Mit 14, 15 saß ich manchmal vor dem Fernseher und habe großkotzig gedacht: Sportreporterin ist der chilligste Job der Welt. Die dürfen sich das Spiel angucken, müssen danach drei Fragen stellen – und das war‘s. Heute weiß ich, dass es ganz so einfach nicht ist. Heute, mit 26, bist du Reporterin beim Streamingdienst Dazn. Was machst du anders als die Fußballreporter*innen, die man aus dem Fernsehen kennt? Grundsätzlich ist jede Reporterpersönlichkeit anders, egal, ob bei der Sportschau oder im Stream. Bei Dazn sind wir alle sehr jung, keiner über 35. Vielleicht arbeiten wir automatisch, unbewusst anders. Die Devise ist: keine große Show machen. Wir fahren nicht zu einem Fußballspiel, um zu zeigen, was wir für coole Typen sind. Wir rücken den Sport in den Vordergrund und die Geschichten, die er schreibt. Unter dem Schirm ist alles erlaubt. Neben deinem Job bei Dazn hast du für die Fußballplattform Fums das Interview-Format Box2Box etabliert. Für klassische Sportschau-Fans: Wie läuft das ab? Ich starte mit dem Fums-Account ein Live-Video auf Instagram, moderiere den Spieler oder die Spielerin kurz an und hole den oder die dann dazu. Dann teilt sich der Screen, in der oberen Box bin ich, unten mein Gegenüber, wie bei einem Videoanruf. Wir machen keine klassische Spielanalyse, kein Post-MatchInterview. Wir sind einfach zwei Menschen, die sich unterhalten. Das
140 · turi2 edition #11 · Fußball
kann mal ein sportlicheres Gespräch sein, mal ein privateres. Es gibt keine Vorschriften. Du hast da auch Bundesliga-Profis wie Nils Petersen vor der Smartphone-Kamera. Wie erlebst du die Spieler*innen dabei? Ich interviewe sie in den verschiedensten Situationen. Eine Spielerin war währenddessen im Tierpark, andere sitzen zu Hause auf der Couch oder im Hotelzimmer, weil am nächsten Tag ein wichtiges Spiel ansteht. In jedem Fall sind sie in einer selbst gewählten, für sie vertrauten Umgebung, haben keine Leute um sich, kein Set mit Lichtern, Klappe, Kamera. Das ist etwas komplett Natürliches, eine entspannte Situation. Die meisten haben direkt Lust auf das Format, weil es für sie unkompliziert ist: Am Handy sind wir ja sowieso alle die ganze Zeit, niemand dreht Schnittbilder oder gibt Anweisungen.
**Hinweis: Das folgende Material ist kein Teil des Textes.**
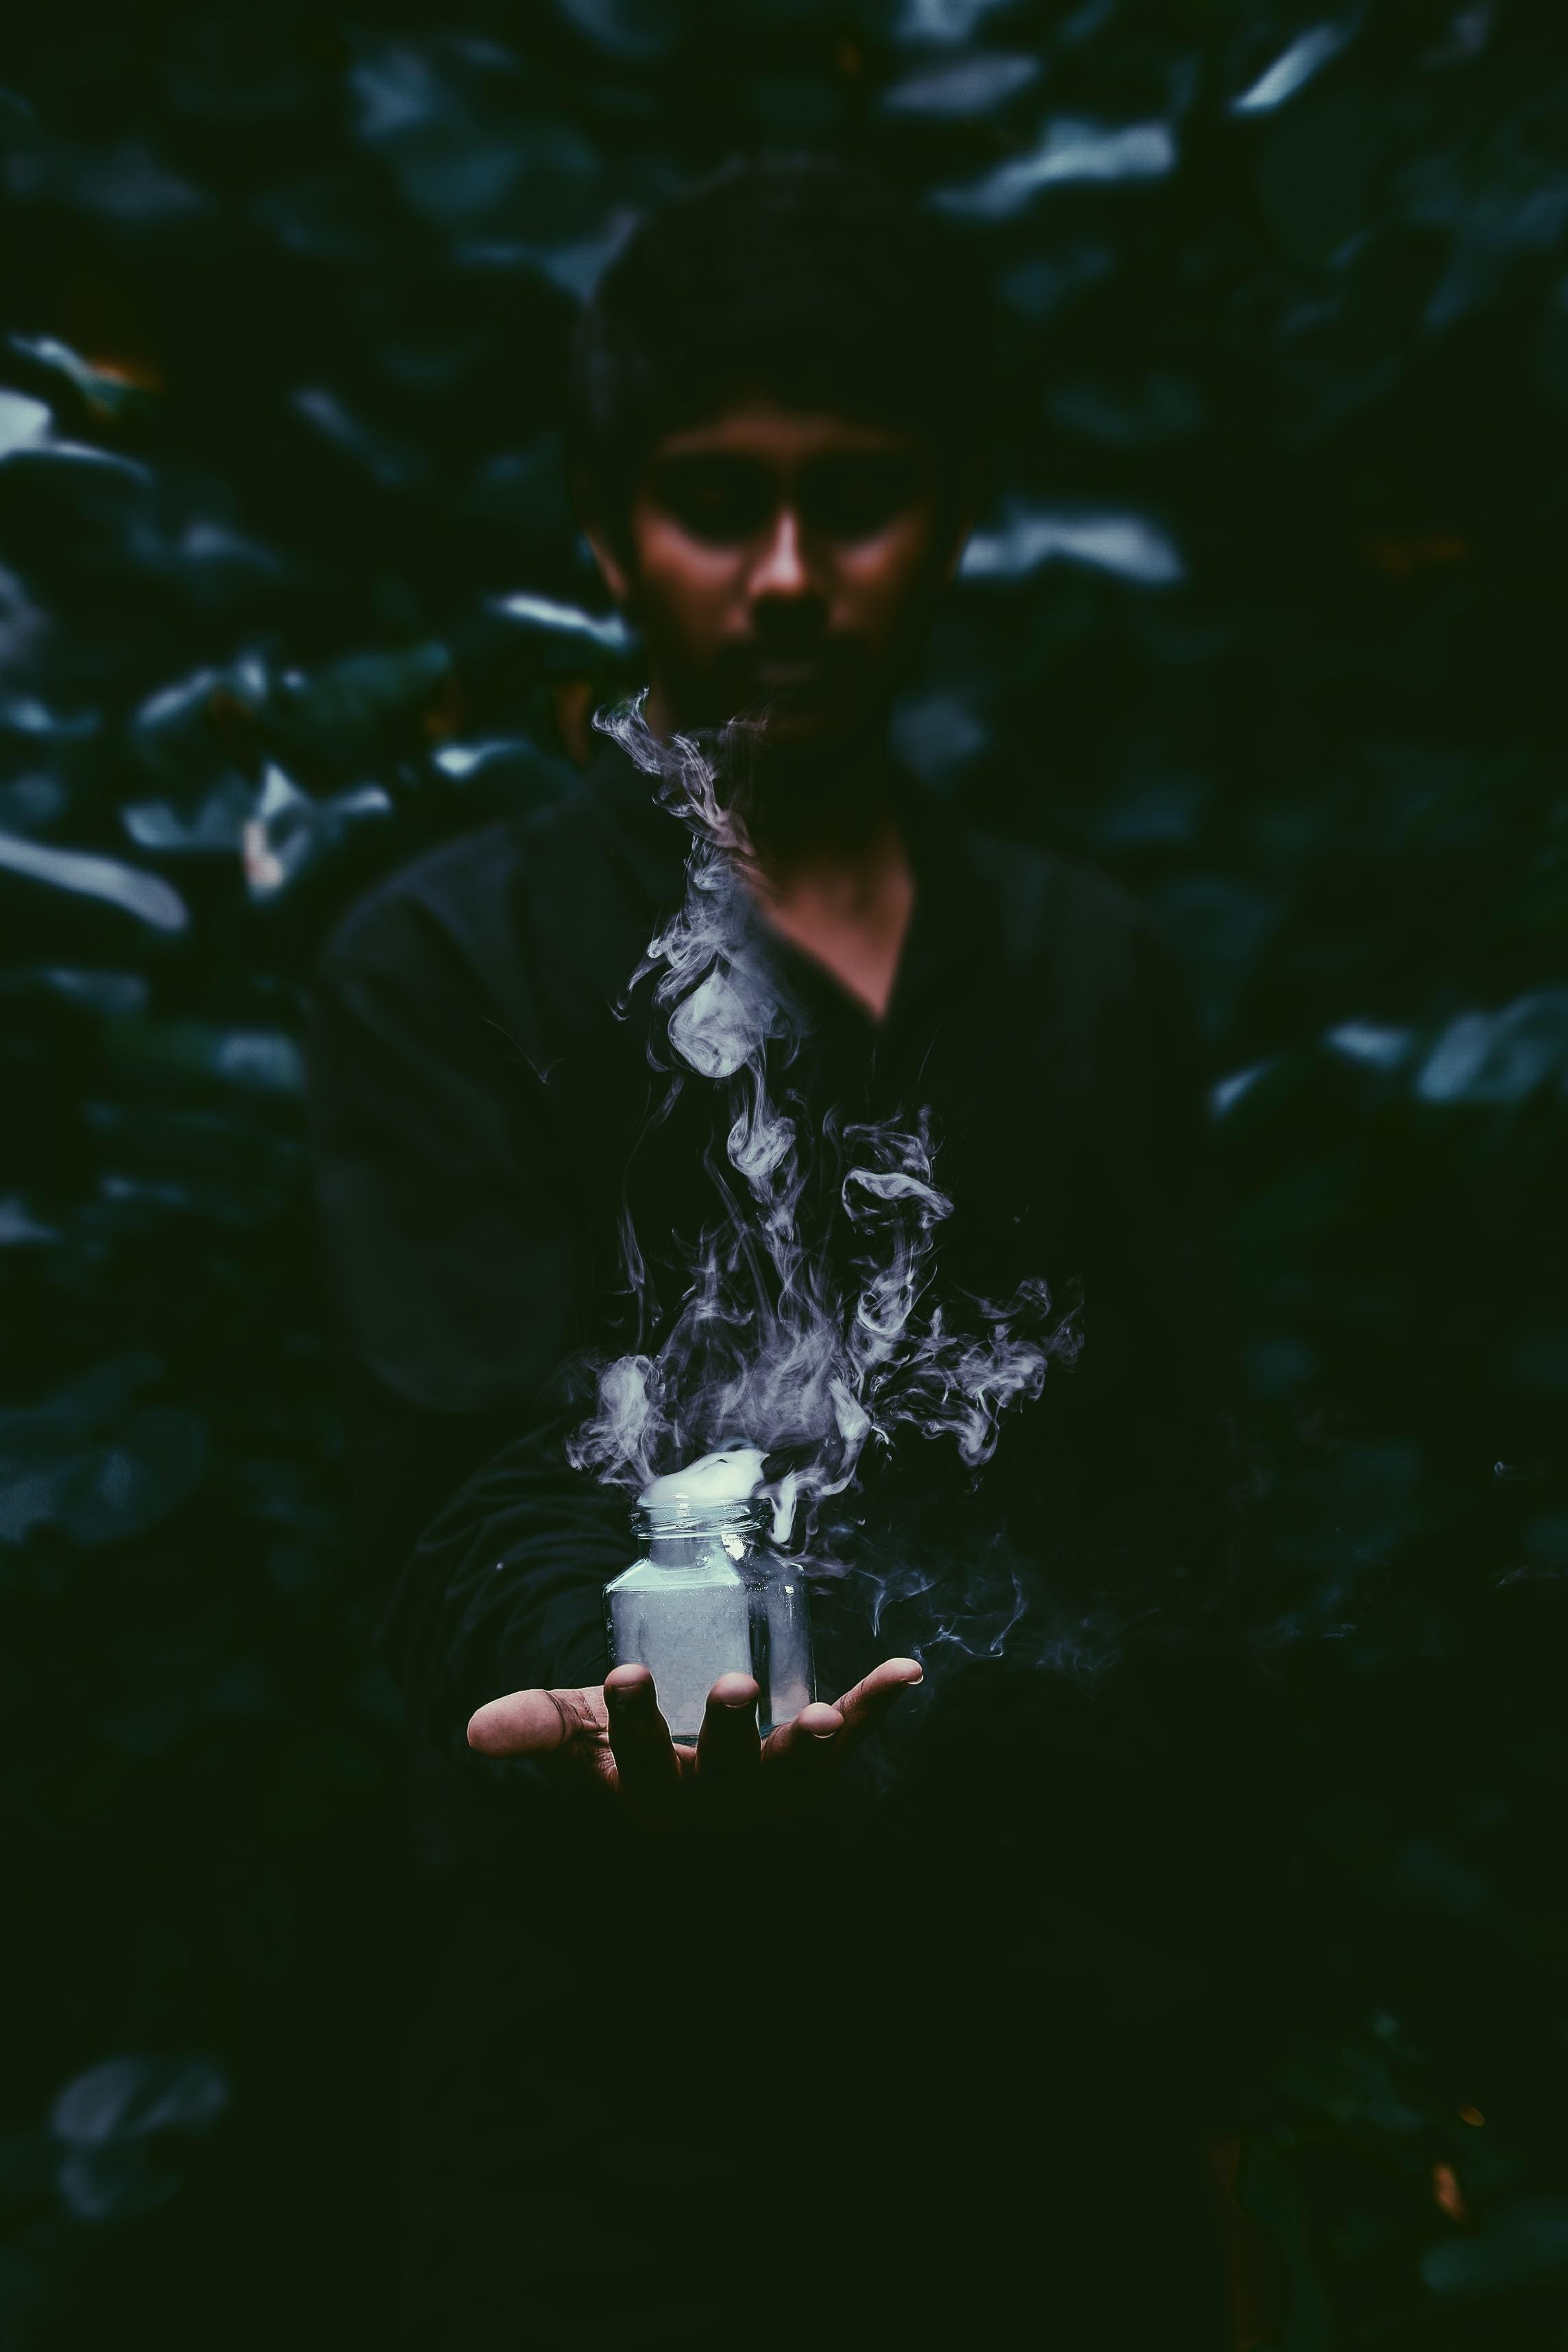 man holding jar with smoke

Nach drei, vier Fragen ist man warm miteinander. Wie sind die Interviews für dich? Eigentlich super entspannt – ich habe ja den gleichen Heimvorteil. Die größte Herausforderung ist die Technik. Da gibt es so viel, das ich nicht kontrollieren kann: Die Internetverbindung ist schlecht, das Zuschalten klappt nicht, mein Interviewpartner ist plötzlich weg. Einmal hat während des Interviews meine Mutter angerufen. Wie beeinflussen Rückmeldungen aus der Community deine Arbeit? Ich glaube, sachliche, konstruktive Kritik nimmt sich jeder zu Herzen.